Sıradaki gözlem Riva-Şile-Ağva kıyıları.İstanbulun turistlik
mekanları olan,güzellikleri tartışılmaz üç alanın KOSKSuna ilk
başlangıcı yerlerde gezinip toprak didikleyen şahinler ile yaptık.Daha
sonra meşhur Pufla Adası nı saymak için yola koyulduk.Normal
şartlarda baharda gittiğinizde bile Karadenizin rüzgarının içinizi
dondurması gerekirken,KOSKS günü denizden esen rüzgar bile yoktu.Rivaya
bahar gelmiş denebilirdi hatta,bazı böcekler toprakaltını terk
etmiş,papatyalar çiçek açmış.Şilede Tepeli Karabatak yuvalarına
gittiğimizde ısınmanın etkisini bir de orada gördük.Baş sayımcımız
tarafından Tepeli Karabatakların kuluçka dönemi için bile erken olduğu
duyduğumuz Ocak ortasında bir çok Tepeli Karabatak kuluçkaya yatmıştı.Bu
hafta gelen soğukların etkisi bu bahar havasının getirilerine nasıl
etki eder,orası işin daha sıkıntılı bölümü olsa gerek.Bu arazinin ise
bizi en çok heyecanlandıran kısmı Ağvaya giderken bir koyda gördüğümüz
Kum Zambaklarıydı.
Üçüncü KOSKSumuz Büyükçekmece Gölü.Ördek görmek için gidilebilecek
en iyi ve ulaşımı en kolay noktalardan.Sayıma ellerimiz üşümeden
başlamamız hepimizi şaşırttı;KOSKS öncesi eğitiminde bile soğuk içimize
işlerken 2 hafta sonra kışın merkezinde soğuktan eser yoktu.Bu da ördek
sayısını bir hayli
etkiledi;kaşıkgaga,çamurcun,yeşilbaş,kılkuyruk,suna,fiyu,tepeli ve
elmabaş patka haricinde ördek türümüz yoktu o gün.Büyükçekmecenin en
öne çıkan özelliği ise yasak avcılık ile savaşa birebir şahit olma
şansımız olsa gerek.DKMP nin araç desteği sayesinde,onlarla birlikte 5
adet balıkçının ağını toplattık sudan.Türkiyedeki tüm iç sularda ağ ile
balıkçılık yapılması yasak olmasına rağmen,balıkçılar birçok noktaya
ağlarını sermişlerdi.Siz de bu şekilde bir durumla karşılaşırsanız DKMP
ye ulaşarak şikayet edebilirsiniz-hatta ediniz.Büyükçekmecenin
güzelleri arasında ise Kara Sırtlı Martının alt türlerinden
Heuglininin bizi arazide bekliyor oluşuydu kuşkusuz.

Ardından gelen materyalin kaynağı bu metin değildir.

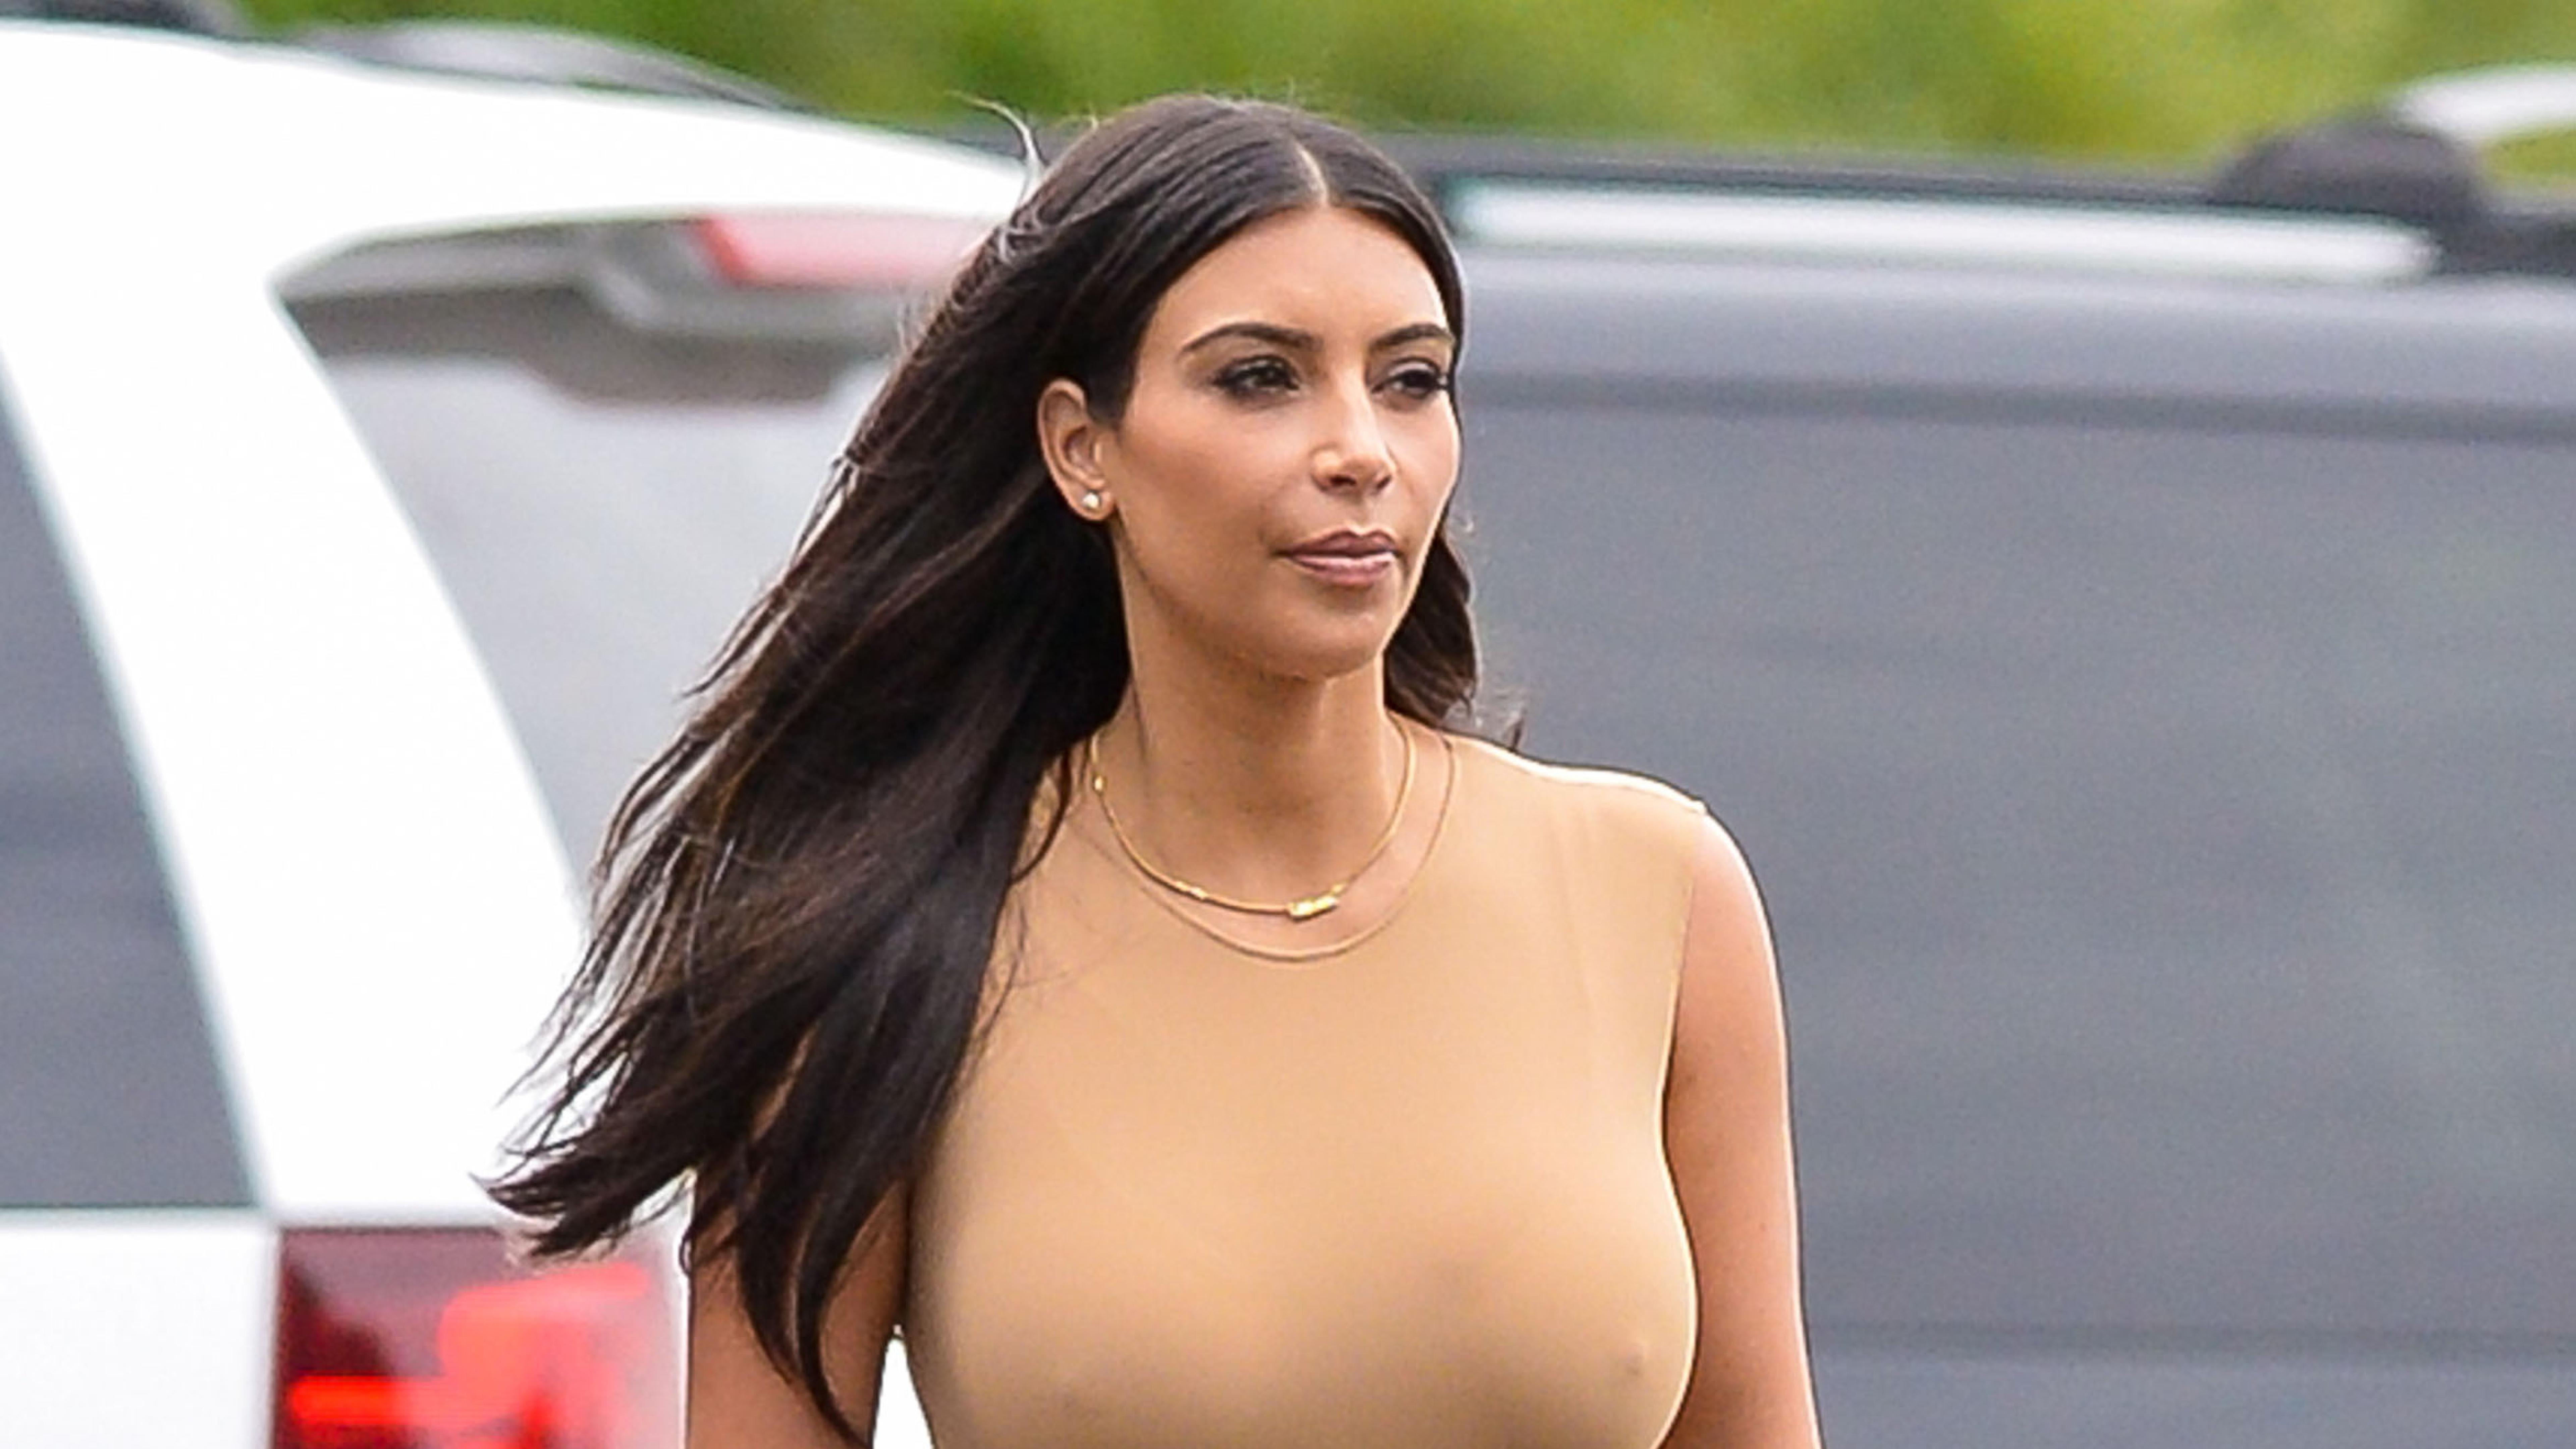 Kim Kardashian Big Boobs, Full Hd 2K Wallpaper-6344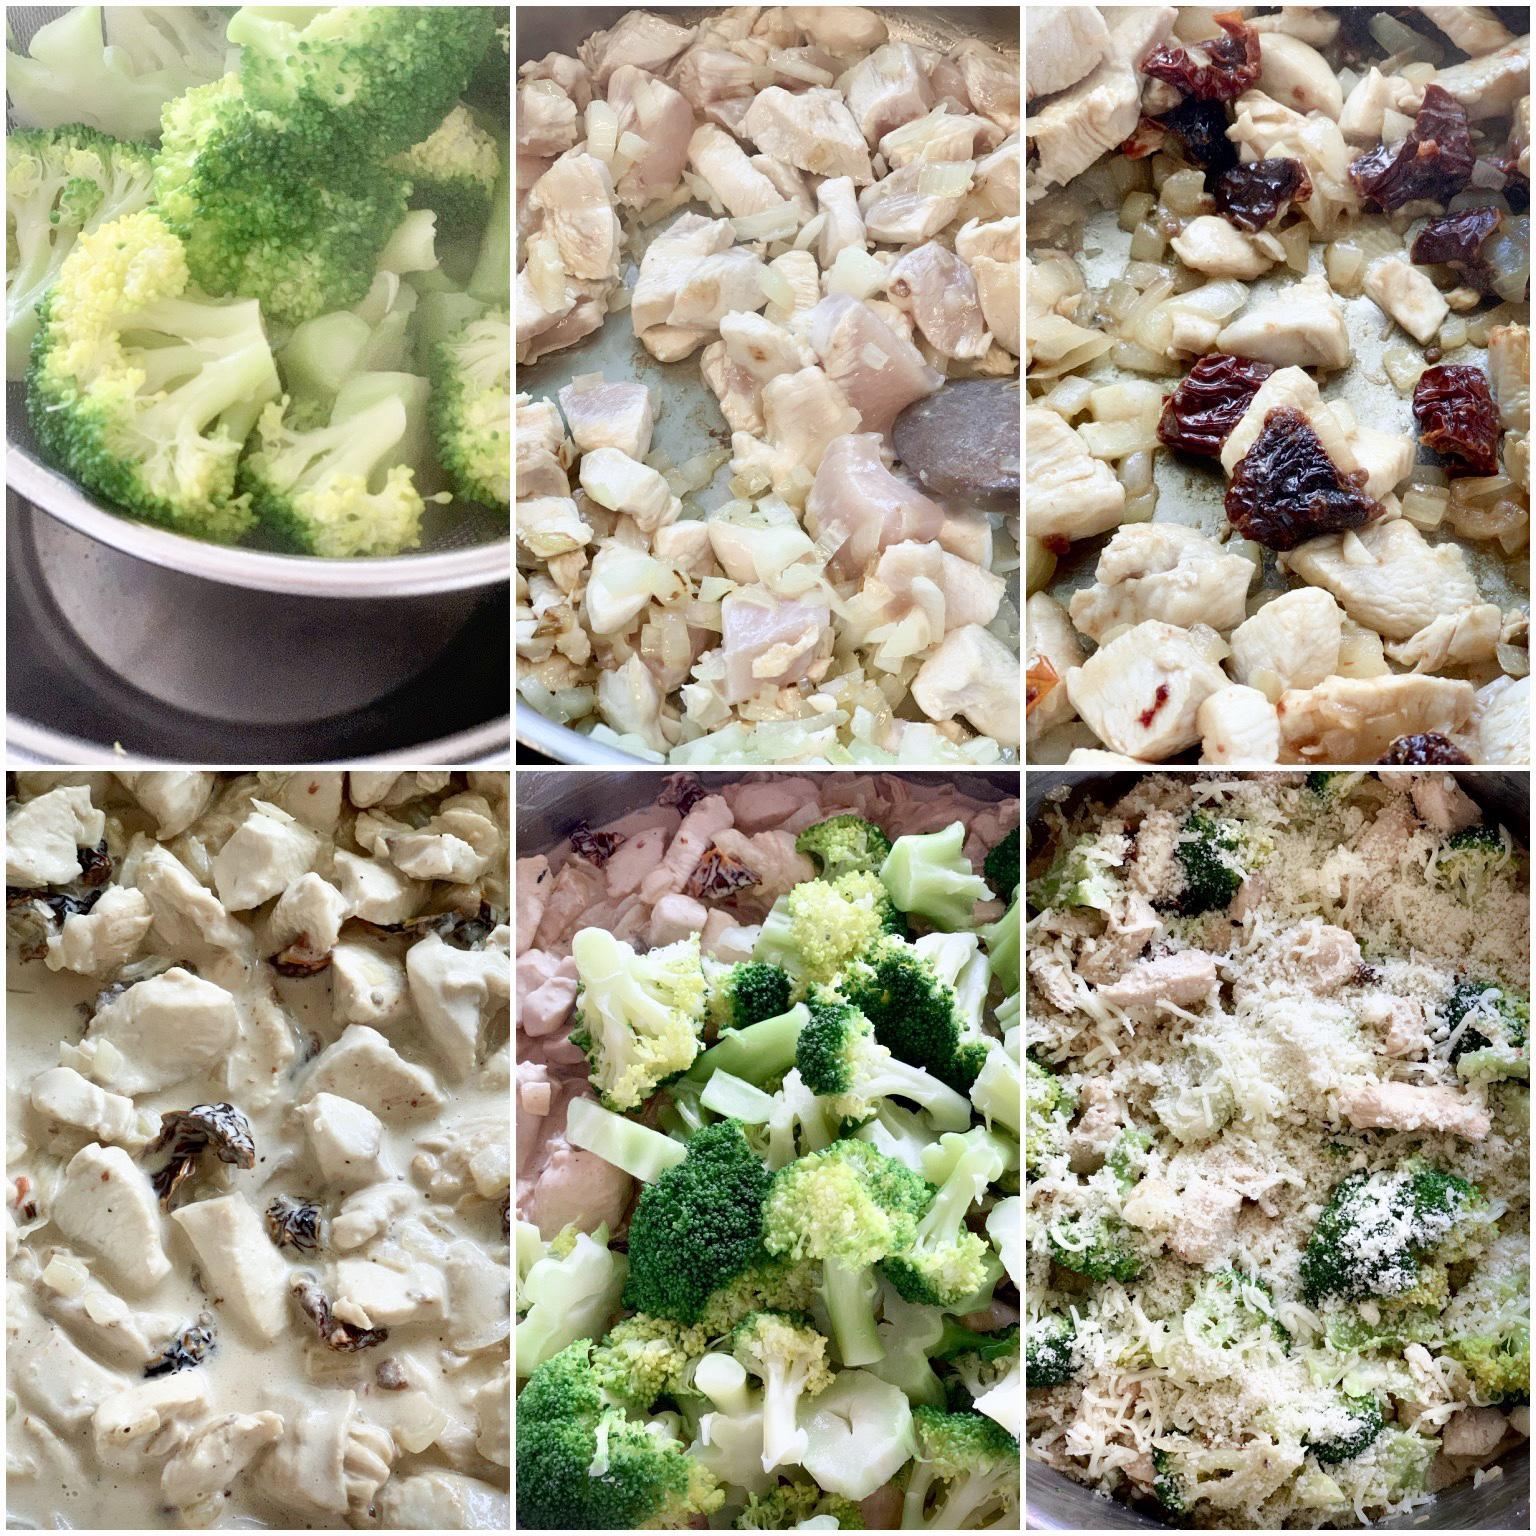 Picture of procedure to prepare broccoli and chicken casserole with mascarpone and dried tomato sauce

Son gözlemimiz,İğneada.Soğuklar gelsin diye tuttuğumuz onca dilek
kabul olmuştu İğneadada fakat ne yazık ki soğuklar KOSKS günü
geldiğinden dolayı tür sayısına olan etkisini biz değil bizden bir-iki
gün sonra giden gözlemciler daha iyi fark edeceklerdir.İlk
olarak,İğneada görsel olarak hepimizi büyüledi
diyebiliriz.Longozu,limanı,gölleri ve sayımın yarısını yapmamıza engel
olan subasar ormanları ile gitmenizi şiddetle tavsiye edeceğimiz bir
yer.Tepeli Patkaları ve Tarakdişleri güzel bir yakınlıktan izleme
fırsatı da verdi bize.Karadenizin şiddetli dalgalarını bir süre
dinledikten sonra,Mert Gölüne doğru yola çıktık.Mert Gölünde ise Ak
Kuyruklu Kartal ile Büyük Orman Kartalını aynı kare içinde
seyredebilmek ise KOSKSun en keyifli yanlarındandı.3. arazimize
giderken subasar ormana basan su bizim diğer tarafa geçmemizi
engellediğinden,gözlemimizi yarıda kesmemize sebep oldu.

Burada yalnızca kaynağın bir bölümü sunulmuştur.